Zachary1150/merge_lenfmt_MRL4096_ROLLOUT4_LR5e-7_w0.5_ties

Hugging Face
TEXT GENERATIONConcurrency Cost:1Model Size:1.5BQuant:BF16Ctx Length:32kPublished:Dec 25, 2025Architecture:Transformer Warm

Zachary1150/merge_lenfmt_MRL4096_ROLLOUT4_LR5e-7_w0.5_ties is a 1.5 billion parameter language model created by Zachary1150, merged using the TIES method. It is based on deepseek-ai/DeepSeek-R1-Distill-Qwen-1.5B and combines two fine-tuned models. This model is designed for tasks requiring a compact yet capable language model, leveraging its merged architecture for potentially enhanced performance in specific domains.

Loading preview...

Model Overview

Zachary1150/merge_lenfmt_MRL4096_ROLLOUT4_LR5e-7_w0.5_ties is a 1.5 billion parameter language model developed by Zachary1150. It was constructed using the TIES merge method from mergekit, building upon the deepseek-ai/DeepSeek-R1-Distill-Qwen-1.5B as its base model.

Merge Details

This model is a composite of two distinct fine-tuned models, each contributing with a weight and density of 0.5. The merge configuration utilized a normalized approach with bfloat16 data type.
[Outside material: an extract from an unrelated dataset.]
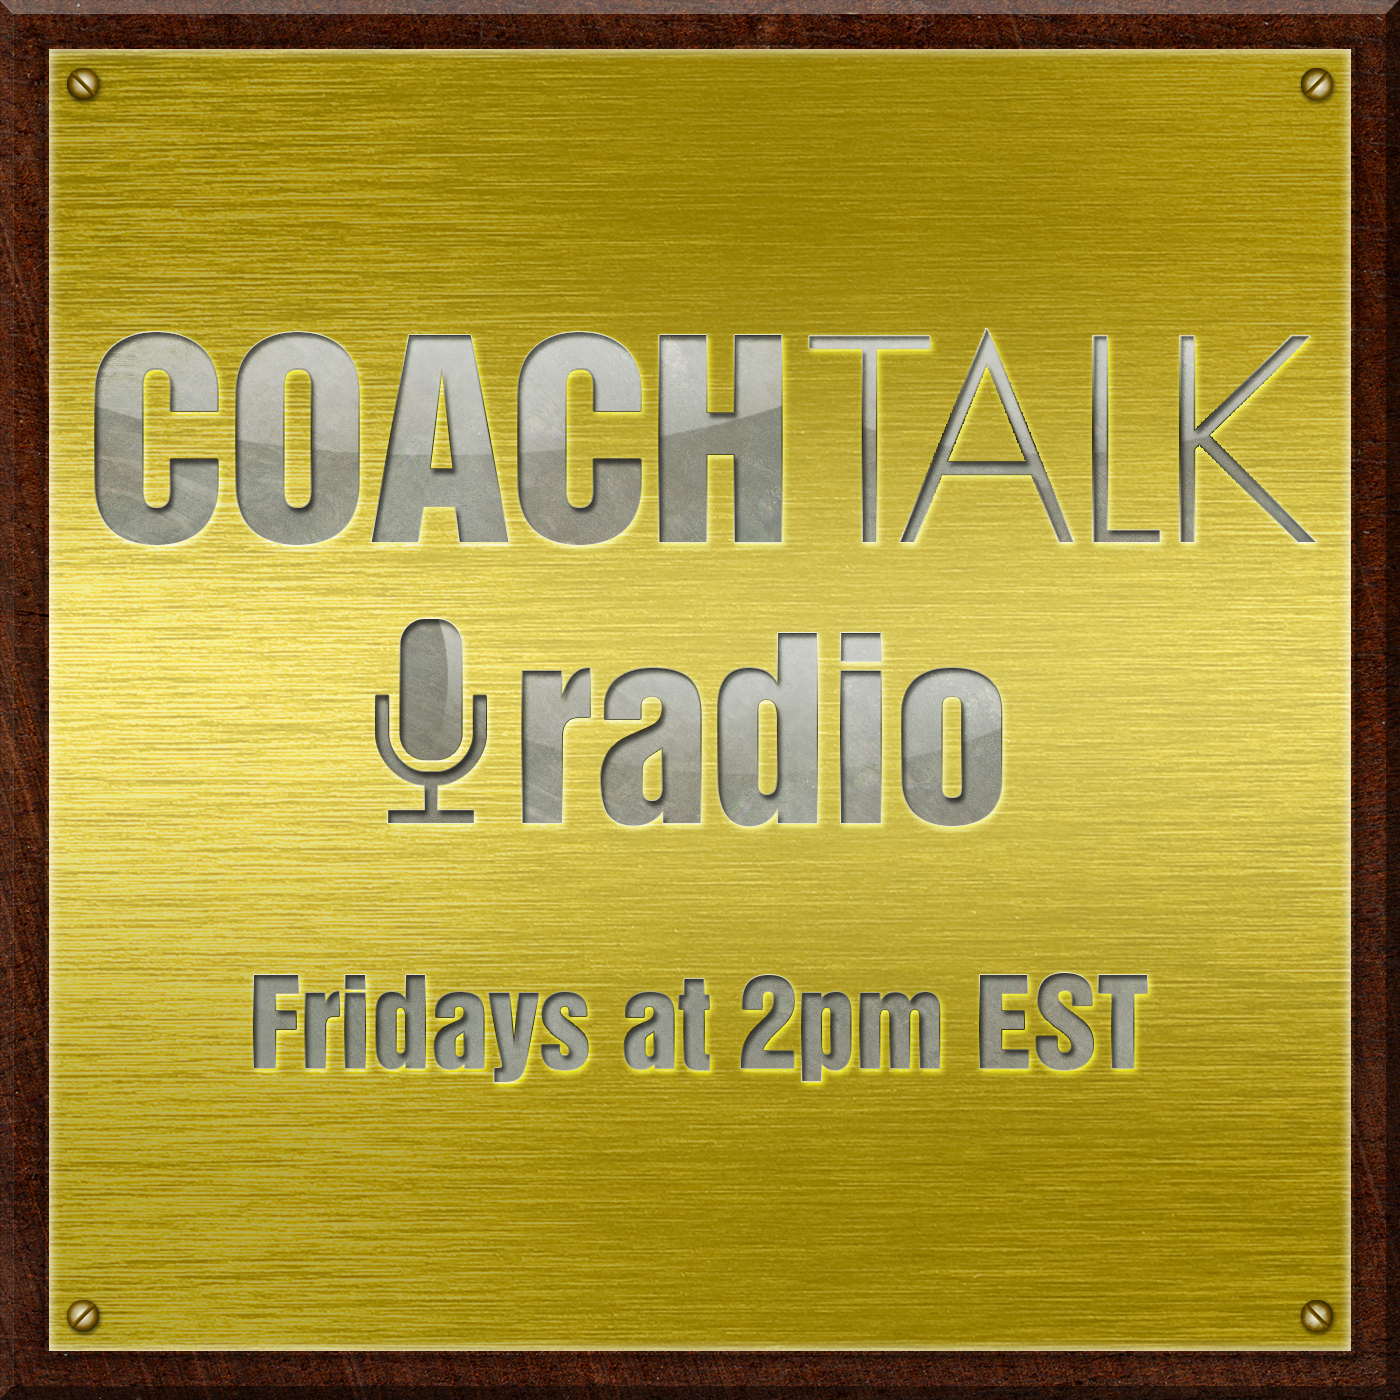 Coach Talk Radio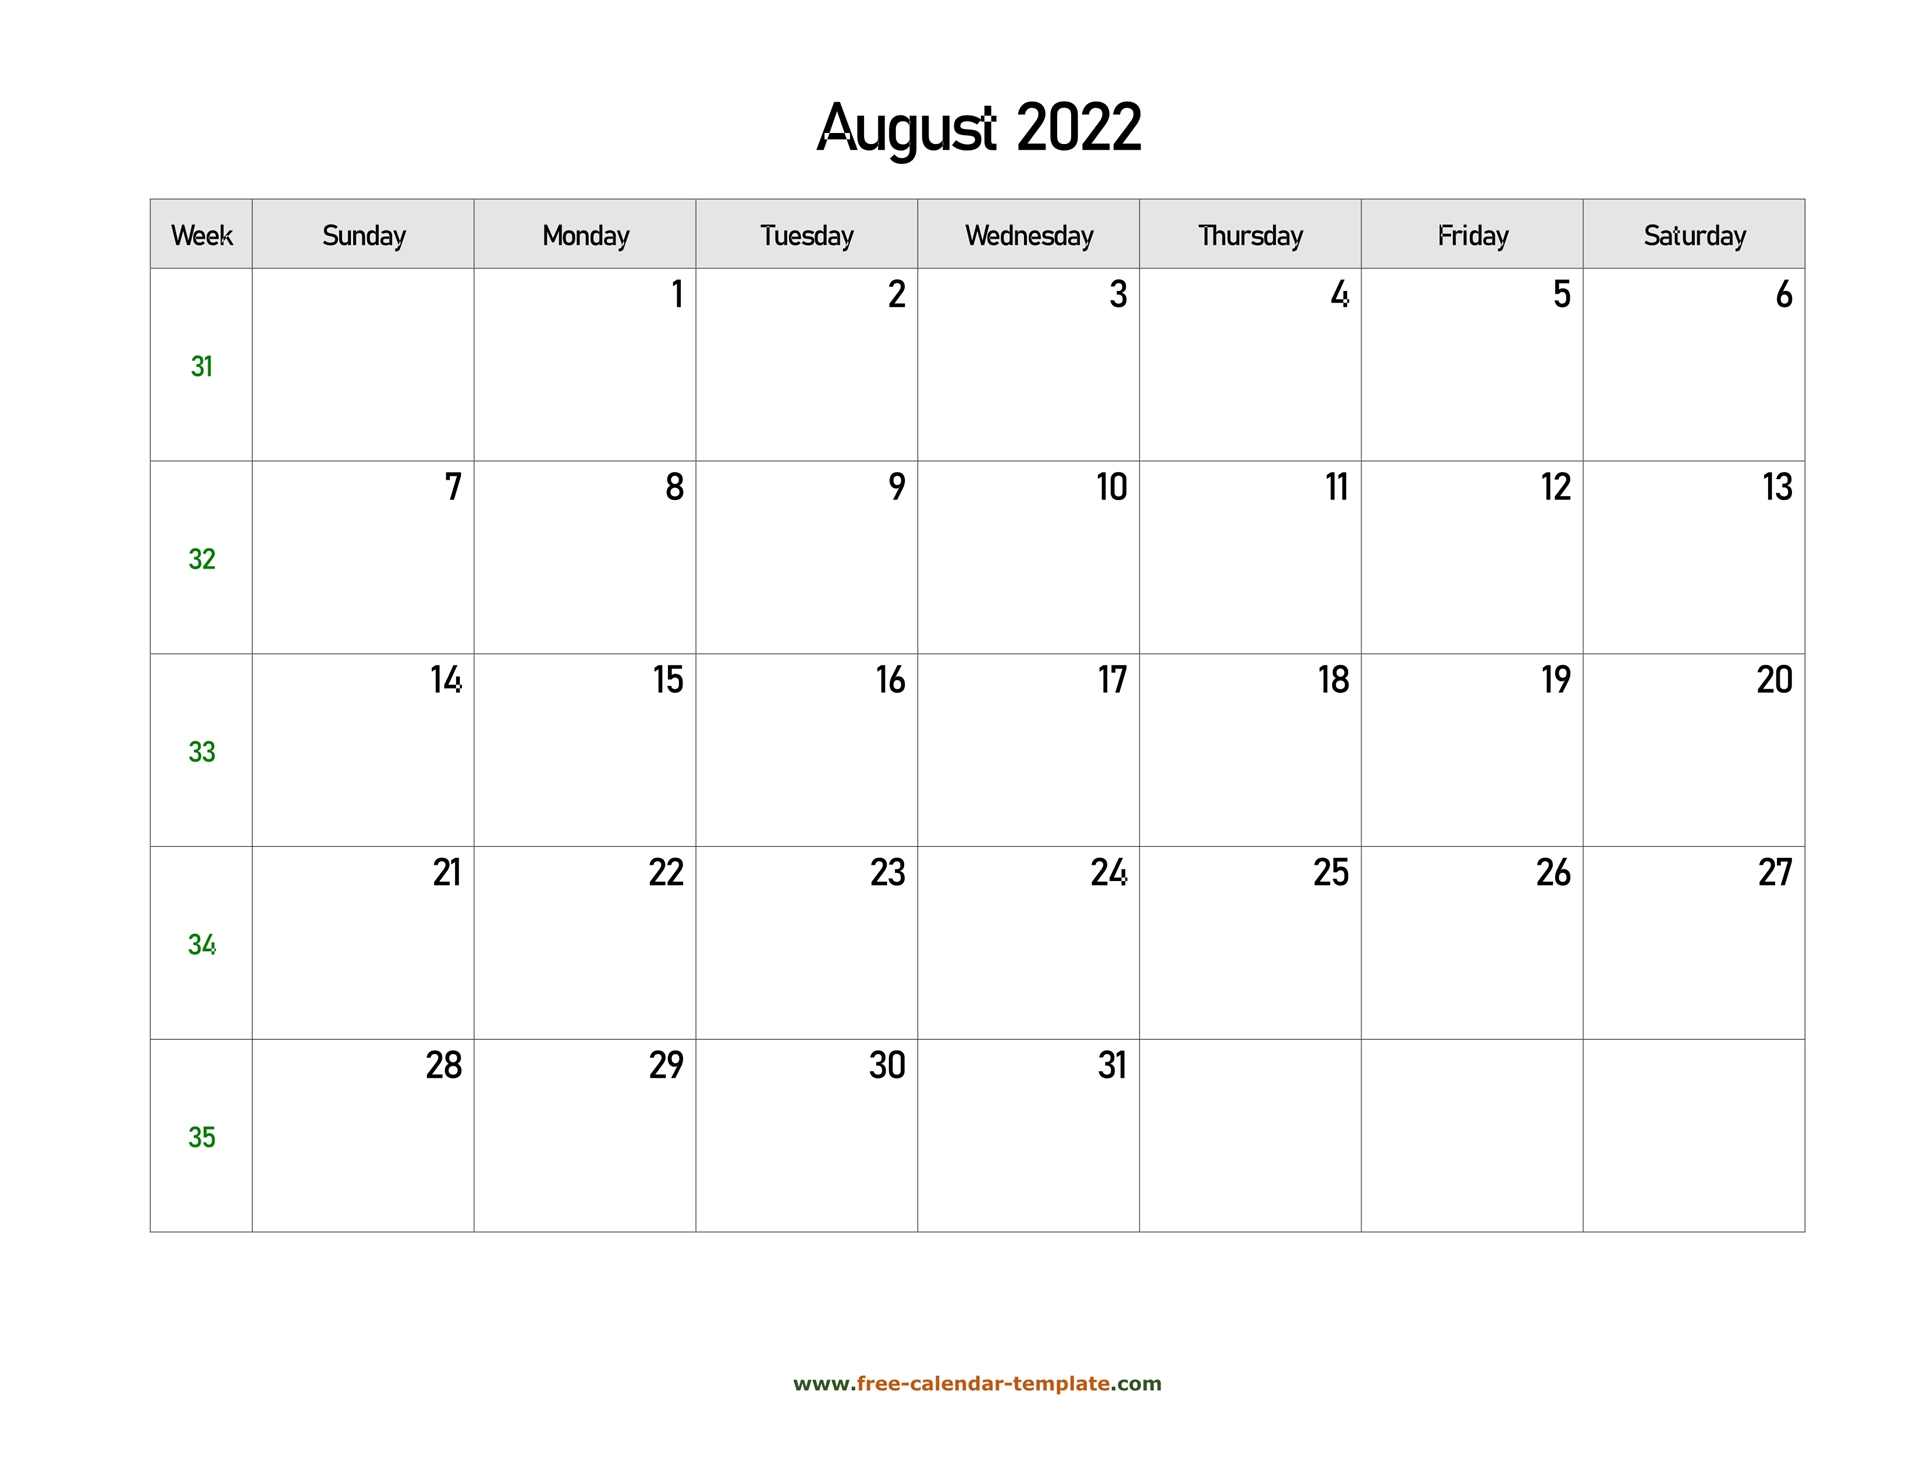 Catch August 2022 Calendar Image

The specific models merged were:

  • /local/scratch/zli2255/workspace/MergeExpert/checkpoints/baselines_openrs/len_MRL4096_ROLLOUT4_LR5e-7/global_step_30/actor/huggingface
  • /local/scratch/zli2255/workspace/MergeExpert/checkpoints/baselines_openrs/accfmt_MRL4096_ROLLOUT4_LR5e-7/global_step_54/actor/huggingface

Potential Use Cases

Given its architecture as a merged model, it is likely optimized for:

  • Resource-constrained environments: Its 1.5B parameter count makes it suitable for deployment where computational resources are limited.
  • Specific domain tasks: The underlying merged models suggest potential specialization, making it a candidate for tasks aligned with their original fine-tuning objectives.
  • Experimentation with merged architectures: Developers interested in exploring the performance characteristics of TIES-merged models based on DeepSeek's distilled Qwen architecture.